Studies Are Inconclusive
There are only a few studies that have tried to answer the question of “is CrossFit safe?” The first one, conducted by researchers at The Ohio State University, concluded that CrossFit is very effective. It states, “Our data shows that HIPT [high intensity power training] significantly improves VO2max and body composition in subjects of both genders across all levels of fitness.” However, another line in the study has created serious concern about injury. It claims that 11 people did not complete the course, nine of which cited overuse or injury. This is significant because there were only 54 people in the study, meaning that 16 percent of participants suffered an injury.
The owner of the gym has since questioned the validity of the study, claiming that participants were not actually interviewed as to why they didn’t complete the program. In fact, the owner is going so far as to actually sue the researchers, creating a somewhat unprecedented situation.
The results of the second study are much more forgiving. According to the data collected, CrossFit has an injury rate of about 3.1 per 1000 hours trained, and no cases of rhabdomyolysis were reported. This means that “is CrossFit safe” could be answered with, “about as safe as gymnastics or powerlifting.” In fact, this injury rate is lower than what’s seen in some versions of rugby. On the other hand, the data was collected using an online questionnaire, which leads to all sorts of doubts about the credibility and precision of responses.

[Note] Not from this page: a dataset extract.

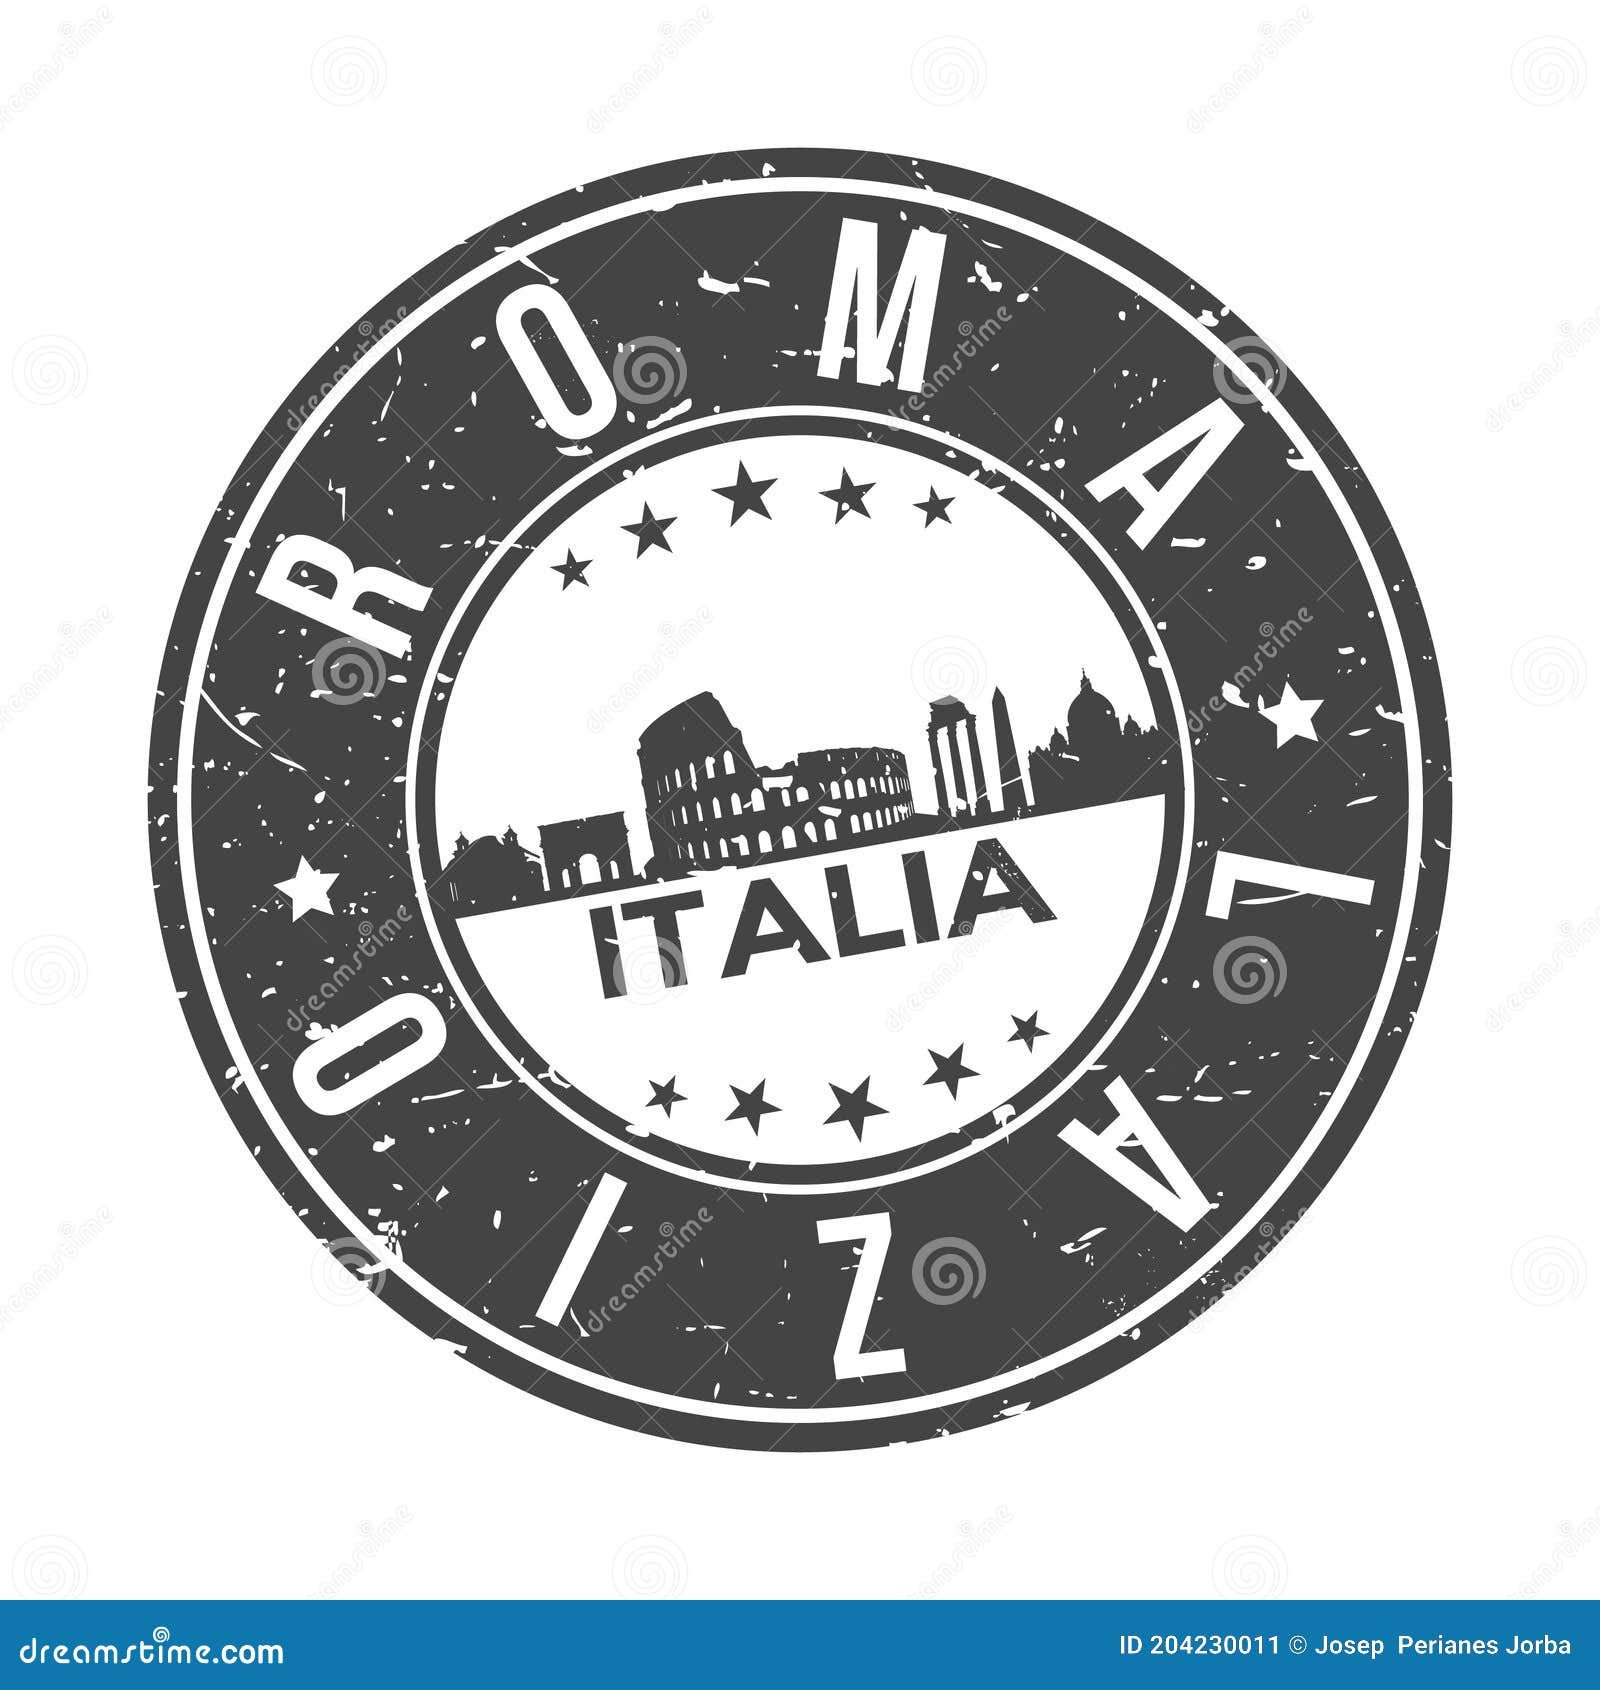 roma italia europa stamp. logo icon   skyline city .

Is CrossFit Safe: The Bottom Line
“Is CrossFit safe” is a question with no easy answer. The research just isn’t definitive either way. However, it must be remembered that any physical activity can lead to injury. Exercisers constantly risk injury in order to improve their bodies. Also, it’s been proven that CrossFit really does get results. So, it’s up to each person to simply dedicate themselves to the program while approaching it with safety in mind. Here’s what we advise when beginning CrossFit:
- Check Out Your Instructor – Find out as much as you can about the person leading CrossFit classes at your gym. How much training do they have? How long have they been teaching CrossFit? Are they certified in other areas? Have a conversation with them and make sure they never try to push people past their limits. Speaking of which…
- Know Your Limits – The competitive nature of CrossFit could potentially lead some overzealous exercisers to push themselves too far. If you’re exhausted or feel that you’re doing things incorrectly, swallow your pride and stop. Pushing yourself gets results, but you must listen to your body.
- Not For Beginners – While some proponents of CrossFit maintain that the first level of the program is safe for beginners, you simply can’t get off the couch and start doing it. It’s important to get some slow, considerate training in the proper use of exercise equipment and weights first. Beginners should be comfortable with regular aerobic exercise before trying CrossFit as well.
- Get Professional Help – A doctor and/or personal trainer can help you decide if CrossFit is right for you and can evaluate its effectiveness as time goes on.
It’s important to note that this advice is useful for any fitness program. However, it might be even more crucial when it comes to CrossFit, if for no other reason than to avoid being the next “CrossFit fail” on YouTube.